If you read your confirmation you were most DEFINATELY informed about the additional fees:

To Help You Further 
Each unit is air-conditioned with a fully equipped kitchen and has a Television/VCR and internet hook-up. 1BR units have 1 bath, 1 king bed and 1 queen sleep sofa. 2BR units OCC: Max 6/Pri 6 have 1 king bed, 2 twin beds and 1 queen sleep sofa. *A timeshare occupancy tax of US$10 per dayis due upon check-out.* All units provide: iron and ironing board,hair dryer, coffee maker, blender, Lanai and ceiling fans. Two bedroom units also contain a dishwasher and washer/dryer. 1BR units contain a dishwasher. A US$500 refundable security deposit is required upon check-in. A key deposit of US$25 is also required at check-in. *Use ofutilities is metered, you will be charged for use per unit.* ARRIVAL DATES CAN'T BE ALTERED. Book your scuba dives with our resort shop 3-4 weeks in advance: 345/947-2097. Check-in at 4pm.

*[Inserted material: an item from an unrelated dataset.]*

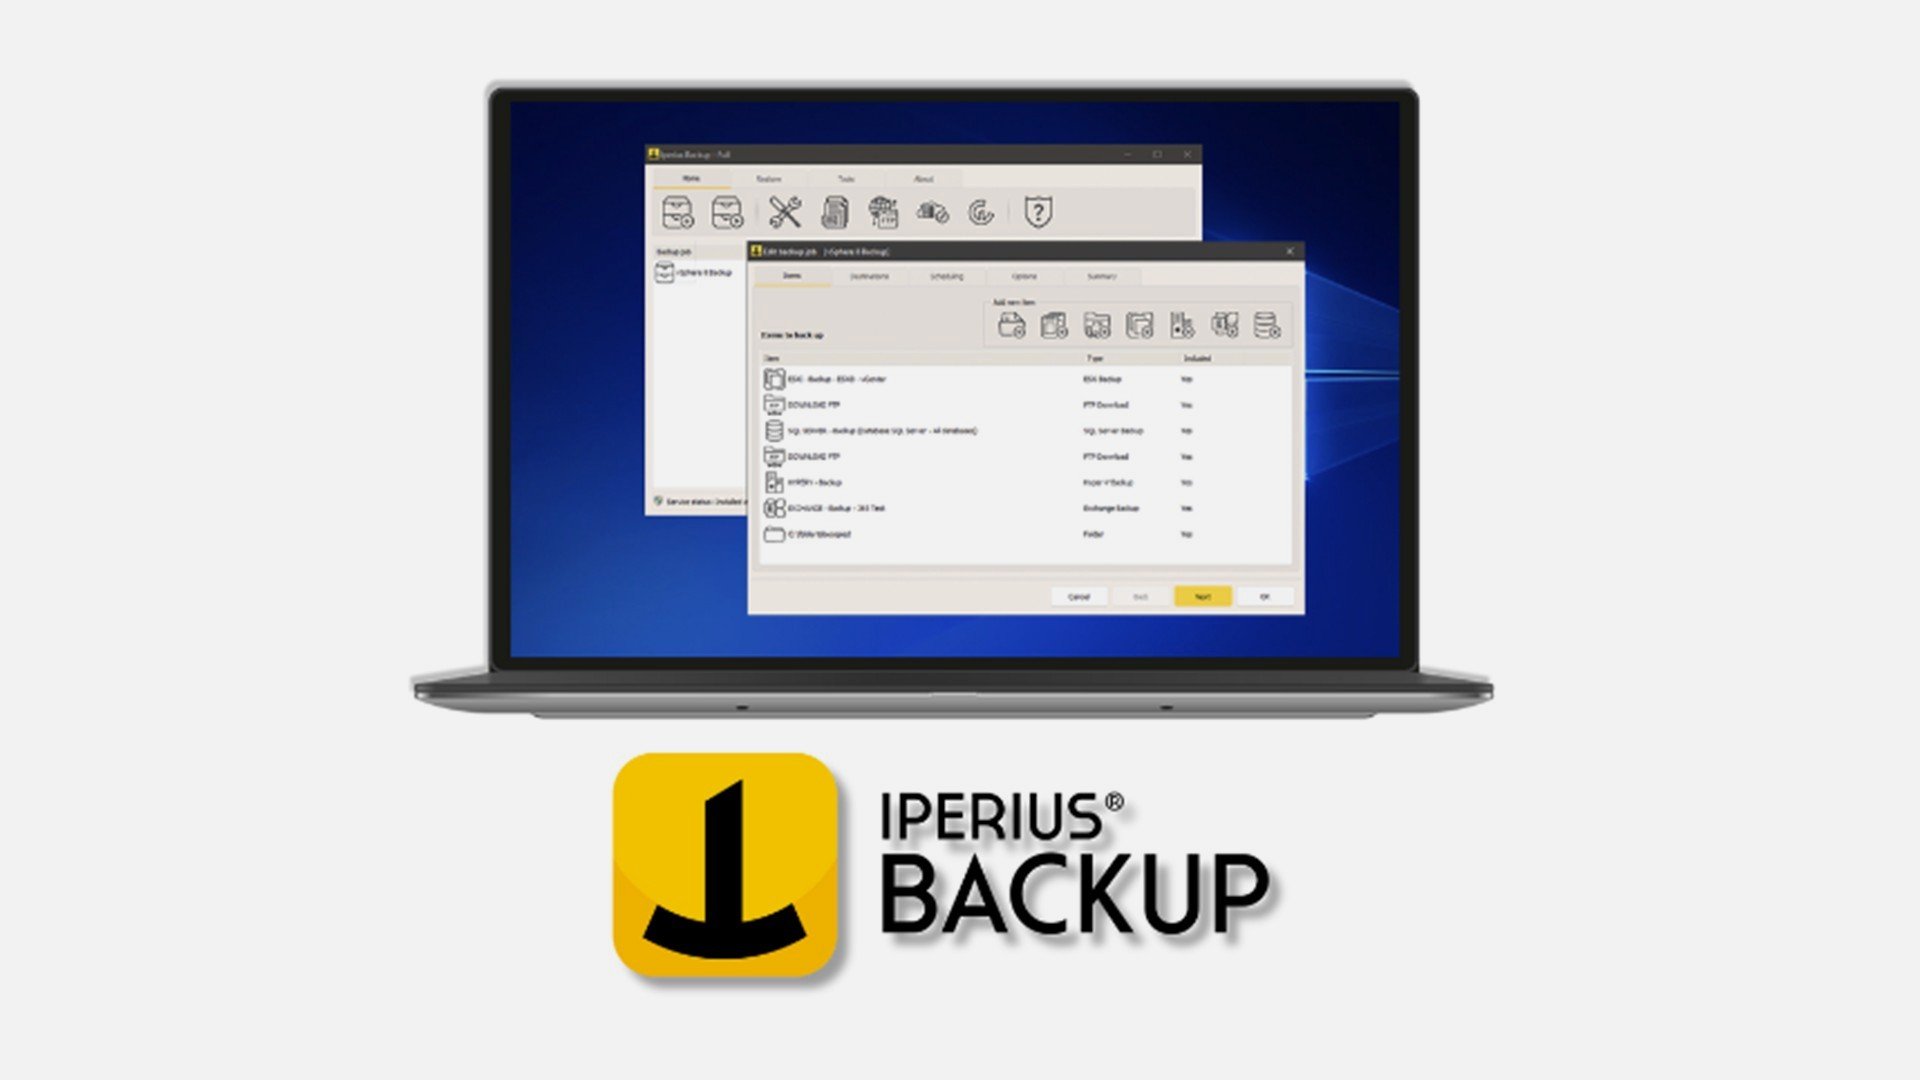 iperius backup 8.0 review

Check-out at 11am. Gift shop on-site. Safety deposit boxes are available in each unit. RESORT IS UNABLE TO PROVIDE UNIT UPGRADES.RCI members cannot trade into 2082 or 5930if they have traded there within the last 4 years.  


RCI would have let you cancel at no fee for 24 hours after the confirmation.

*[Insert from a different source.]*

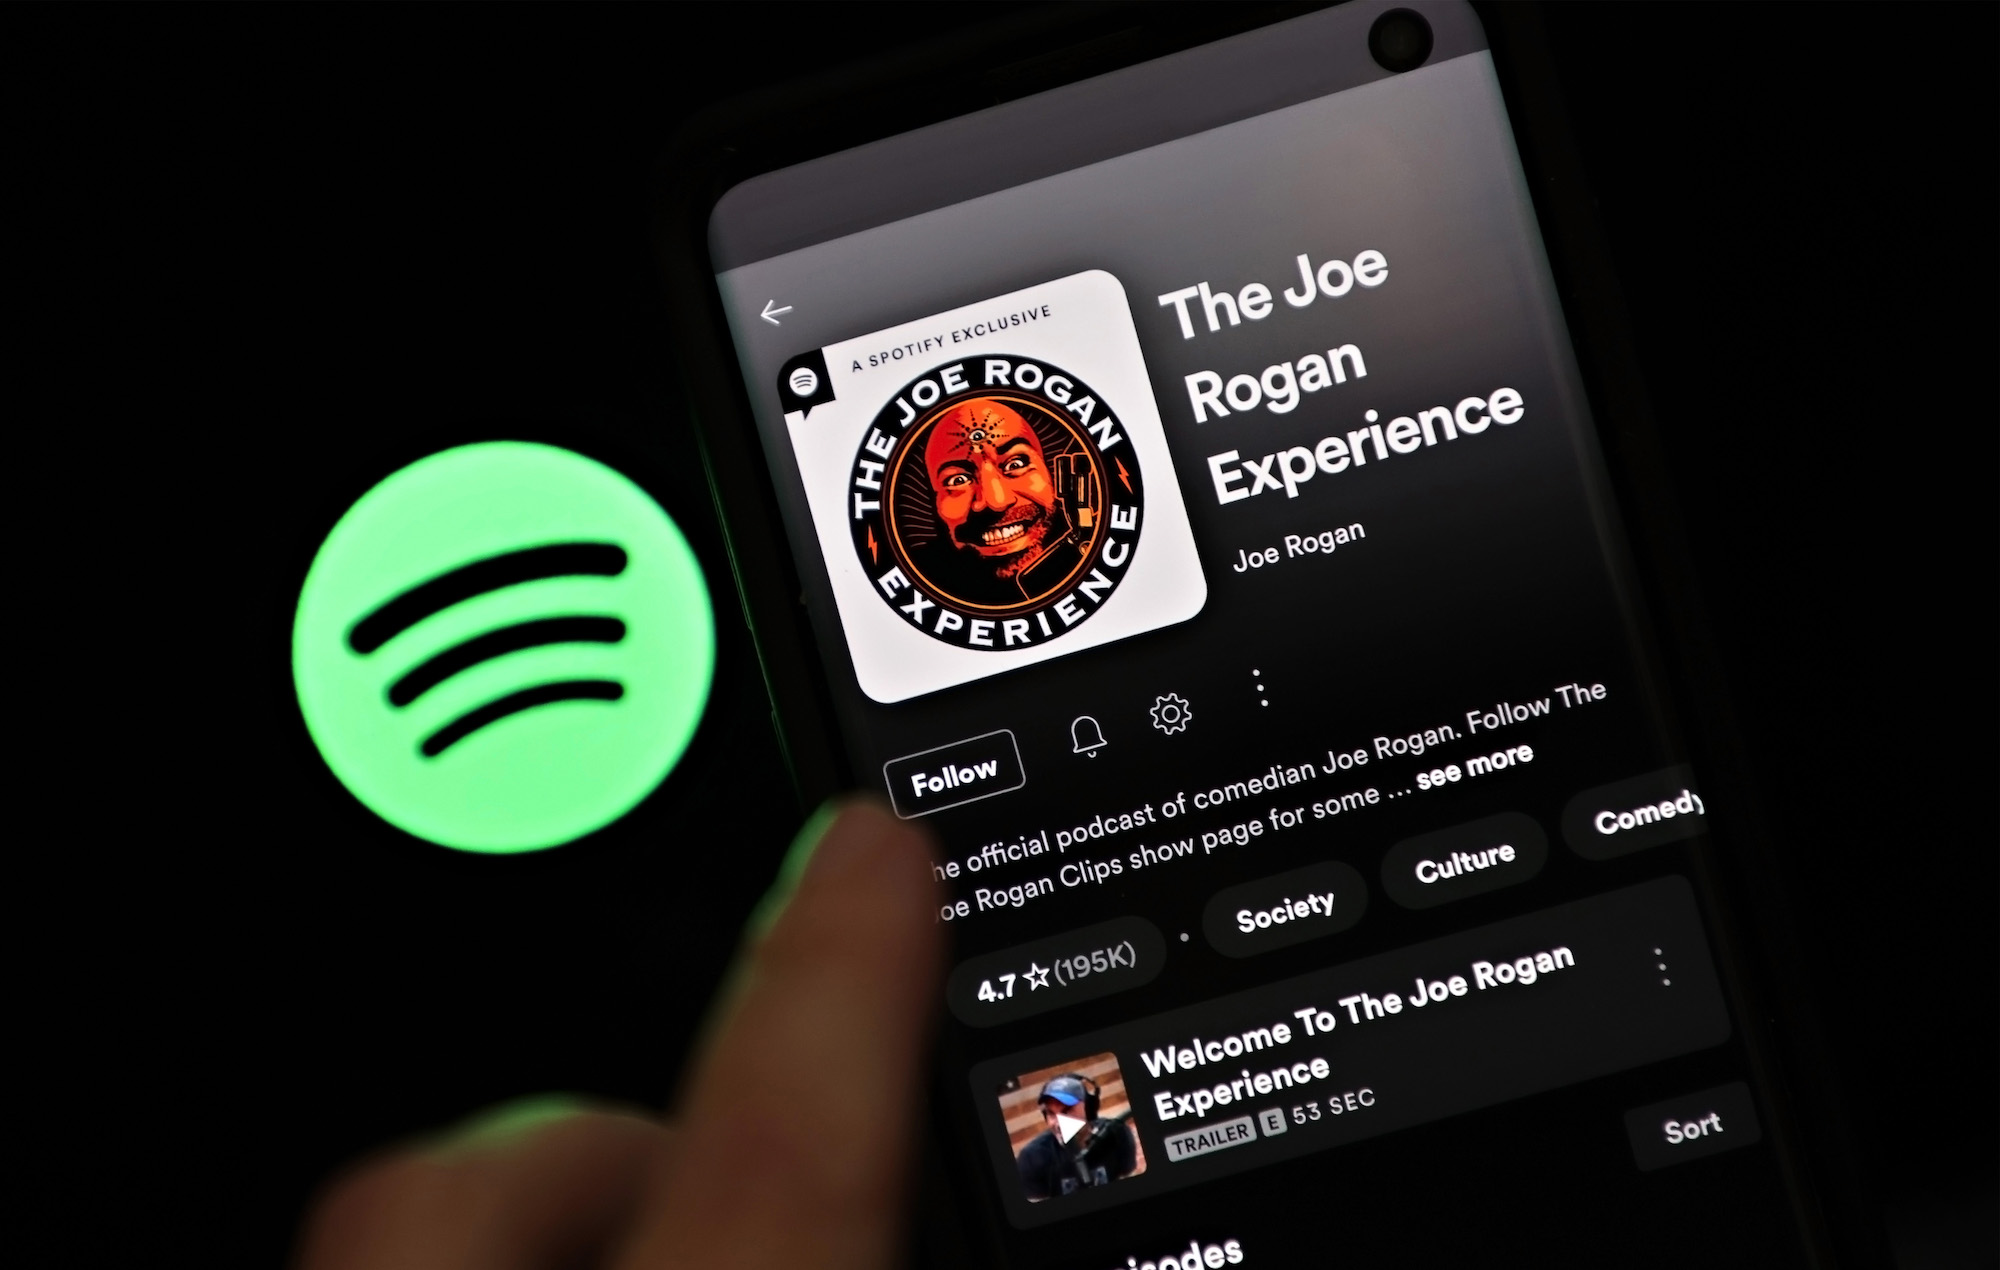 Spotify The Joe Rogan Experience

I have paid the fee at Morritts and willingly will pay them again. It is well worth the extra $100 for the week.

You are considering cancelling for +/-  $100 <and that's for a 2 BDRM we paid under $50/week for a 1BDRM> and yet happily pay the $95 extra for Disney...


----------



## KristinB

Rod in Louisiana said:


> Wow!! Great researching skills <smile>. Thanks for the info. Now, the question of the moment is whether RCI passes out that information when exchanges are made by telephone.



Rod,

I can speak from personal experience that when I made three exchanges into a 1 BR at Morritt's Grand (on three separate occasions, for consecutive weeks), I had to endure listening to the guide read all that stuff each time.  When I mentioned that I had already heard it from the previous exchanges, the guide told me that they must read all the notes and disclaimers without exception.  Since they're being recorded, I'd say it's a pretty good bet that they do.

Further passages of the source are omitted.